The way I have implemented the low-garbage methods in these examples also makes method chaining impossible, but chaining can be achieved by simply explicitly returning the result. This does not have any negative repercussions in terms of memory usage or performance.

Alright, so far, so good. Implementing the low garbage math methods—and refactoring the main 3D rendering function to make use of these methods—had a very noticeable effect on the memory-use profile of the program. Garbage collection was now much less frequent, and at more regular intervals. But garbage can also sneak in where you don't expect it, and there was still work to be done.

The two graphs above represent a ~2 second time slice. So in the 'good' version, GC events are still occurring approximately every 200ms. This could be better, and I was certain that there were still areas of the program that were still making too much garbage. The most obvious place to look was this line, which occurs at the beginning of the render function:

1
back_buffer_img = back_buffer_ctx.createImageData(width, height);

The back buffer is an ImageData array (which is a Uint8ClampedArray, which is a typed array) where pixel data is written. This image data is then drawn to an offscreen buffer canvas, which is then used to draw to the main canvas. While this may seem like a lot of extra, unnecessary steps, the main advantage of this is that it allows the 3D scene to be initially drawn in one resolution, but displayed in a different resolution. So a scene can be upscaled in order to use fewer resources, or it can be downscaled to provide a better looking image.

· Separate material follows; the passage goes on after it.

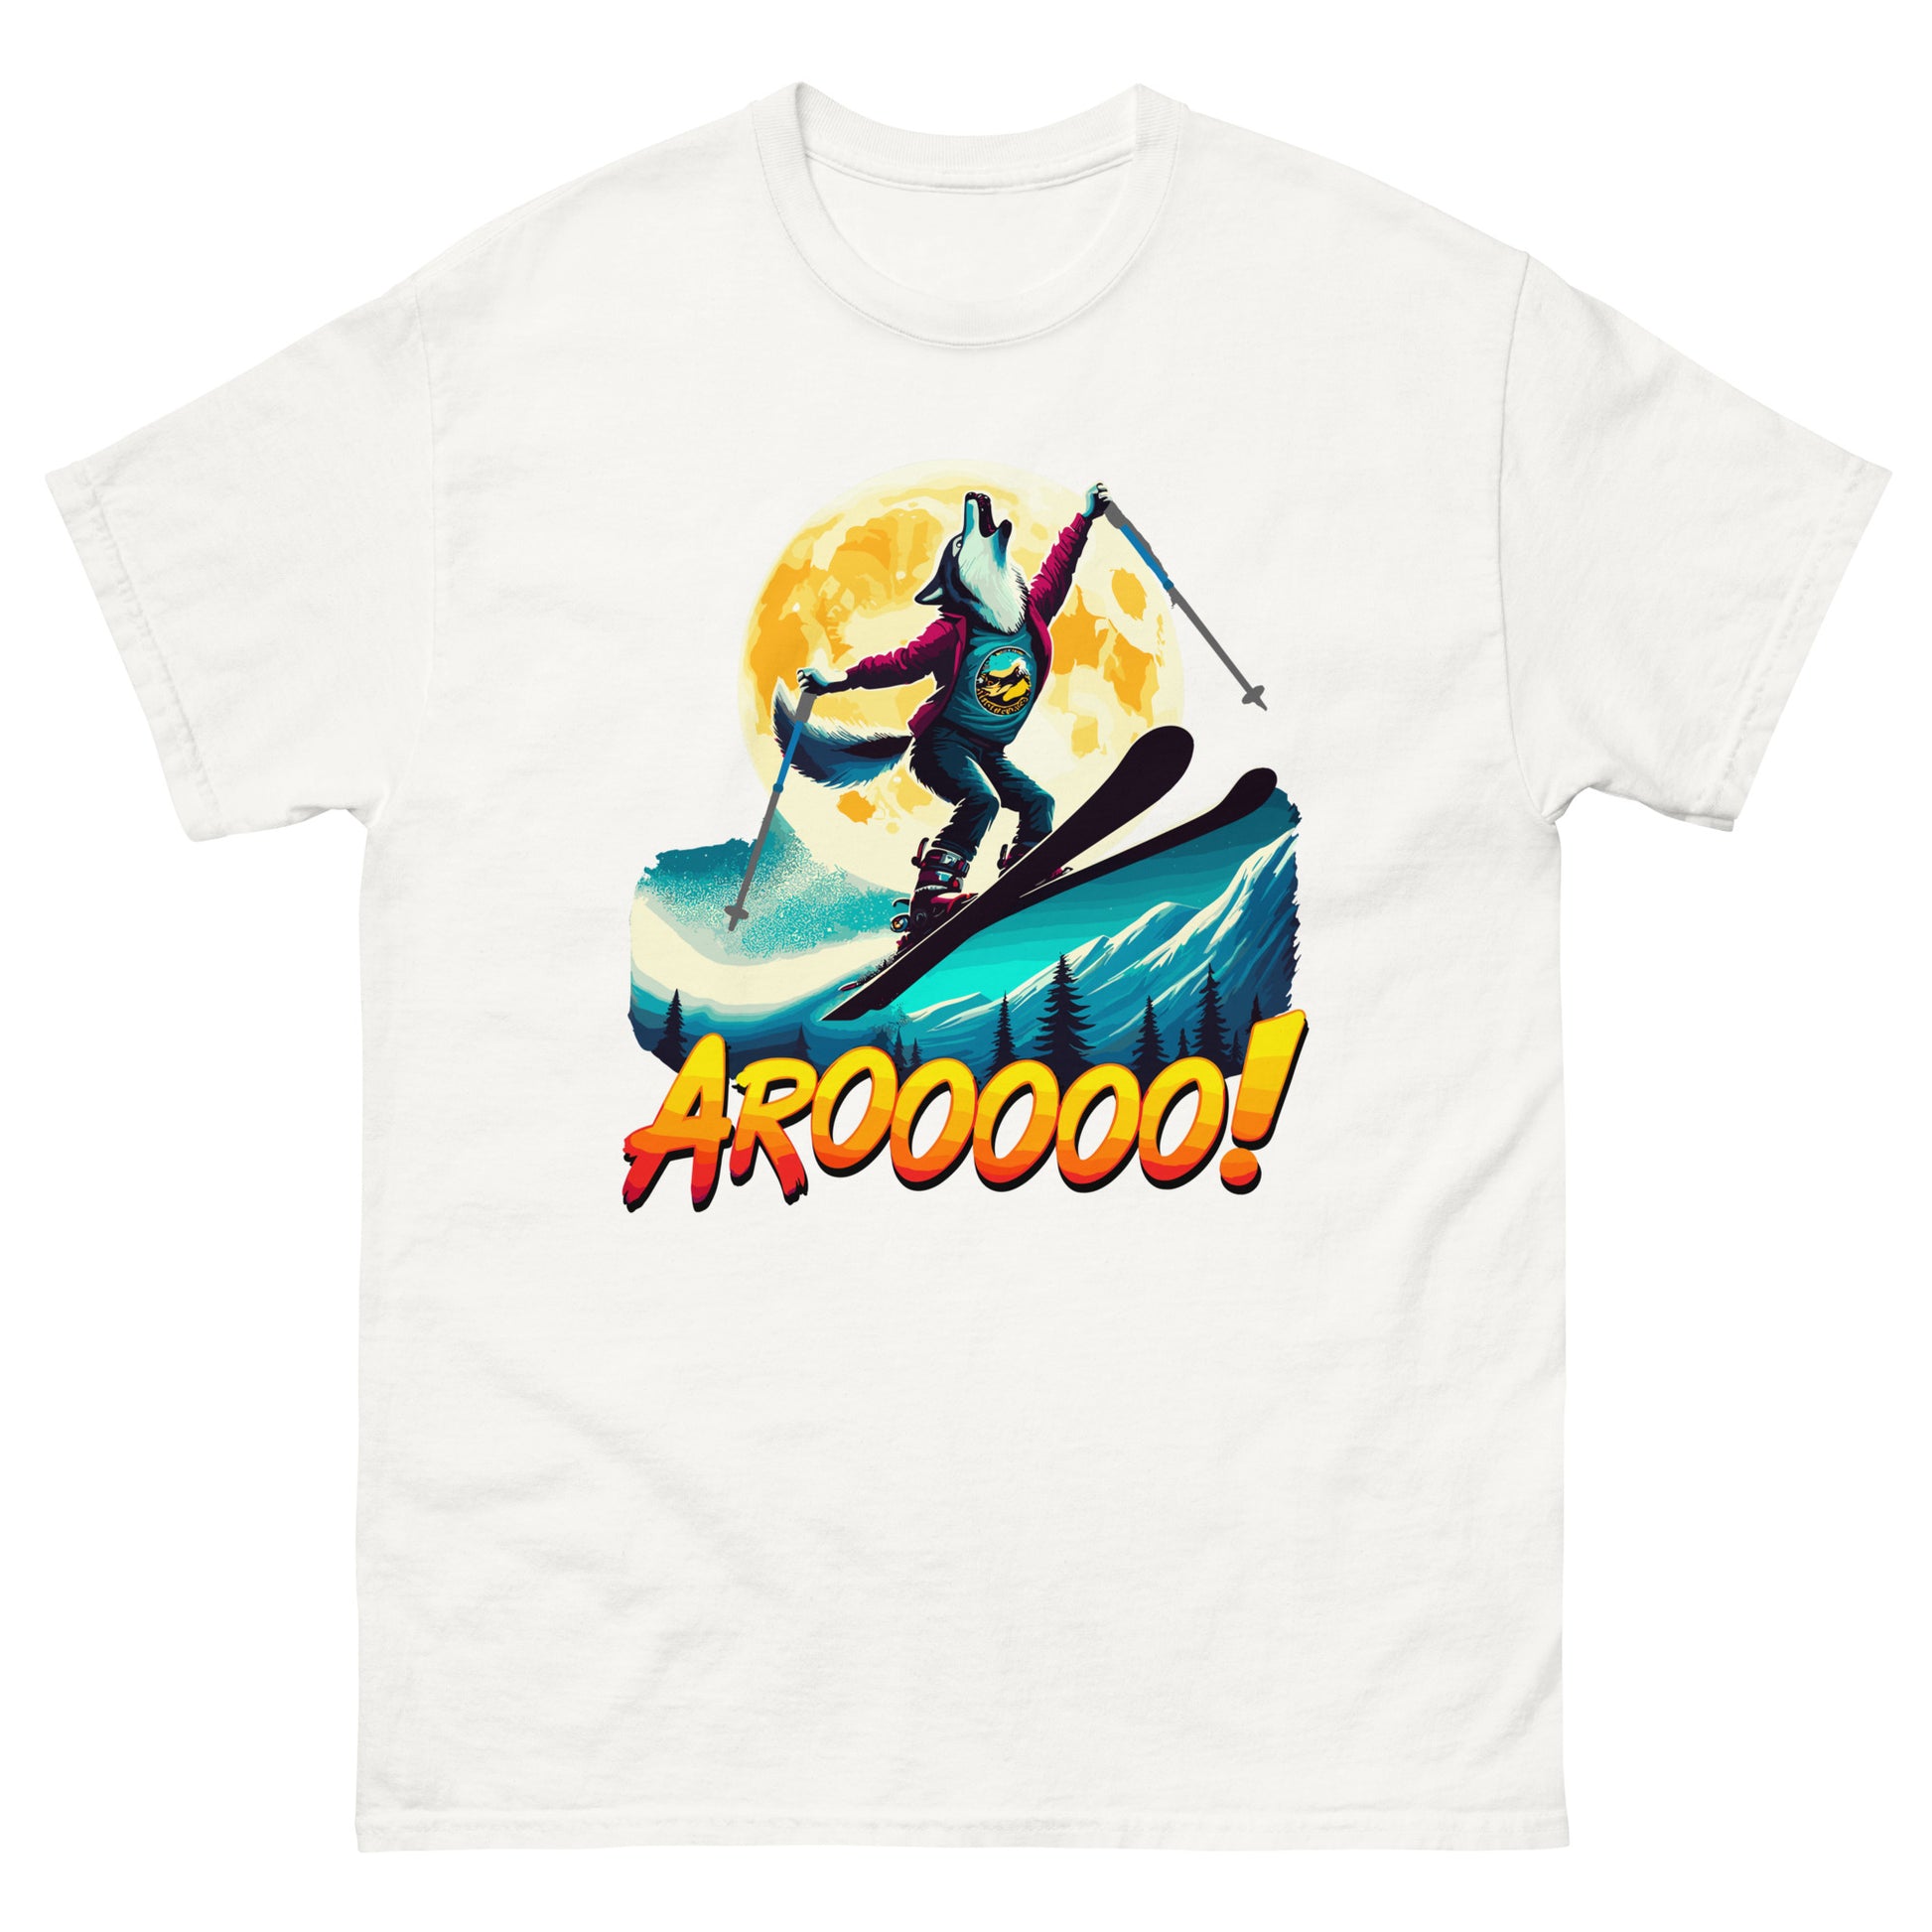 AROOO! Wolf doing a ski jump in front of a full moon printed on a T-shirt by Whistler Shirts

As createImageData creates a new ImageData array, in this early version of the program a new back buffer array was being created for every frame. Naturally, this created a lot of unnecessary garbage. In my first attempt to tackle this problem, I was running over the entire array, zeroing out all the values.

Backing up a little, an ImageData array is a one-dimensional array representing the RGBA values of all pixels in a 2D canvas context, with each element representing either a red, green, blue, or alpha value of a pixel. So, for example, a 1x1 pixel ImageData array might look like this [1, 7, 2, 9], where the RGBA values are 1, 7, 2, and 9 respectively.

So it should be clear that for any ImageData array, its length will be described by canvas width * canvas height * 4. As it turned out, looping over the entire array was actually noticeably slower than just creating a new ImageData array for every frame, even with all the extra garbage that brought with it. However, if you consider for a moment what it is we're trying to achieve (clearing the back buffer for the next frame), it may become clear that we can actually get away with doing ¼ of the work. By setting the alpha value to zero, we can ignore the RGB values, just so long as we make sure to set all RGBA values when we draw a new pixel to the array. With this change, each frame took less time to draw (meaning fewer resources were used), and GC events became much less frequent. Here is what memory use looked like after this change (the scale is the same as the previous two graphs):

4.6MB-6.6MB

Memory usage using back buffer zeroing

GC events are now happening about once a second. Which can certainly still be improved upon, but it's miles ahead of where it was to begin with.

As a side note: it occurs to me that in order to clear the back buffer, it would be possible to do potentially much less work than mentioned above. If we kept track of which pixels had been drawn in the previous frame, we could then clear only those pixels which needed clearing. But I suspect that the increased overhead and complexity of such an approach would ultimately not be worthwhile. I will leave it as an exercise to the reader to determine the feasibility of this approach.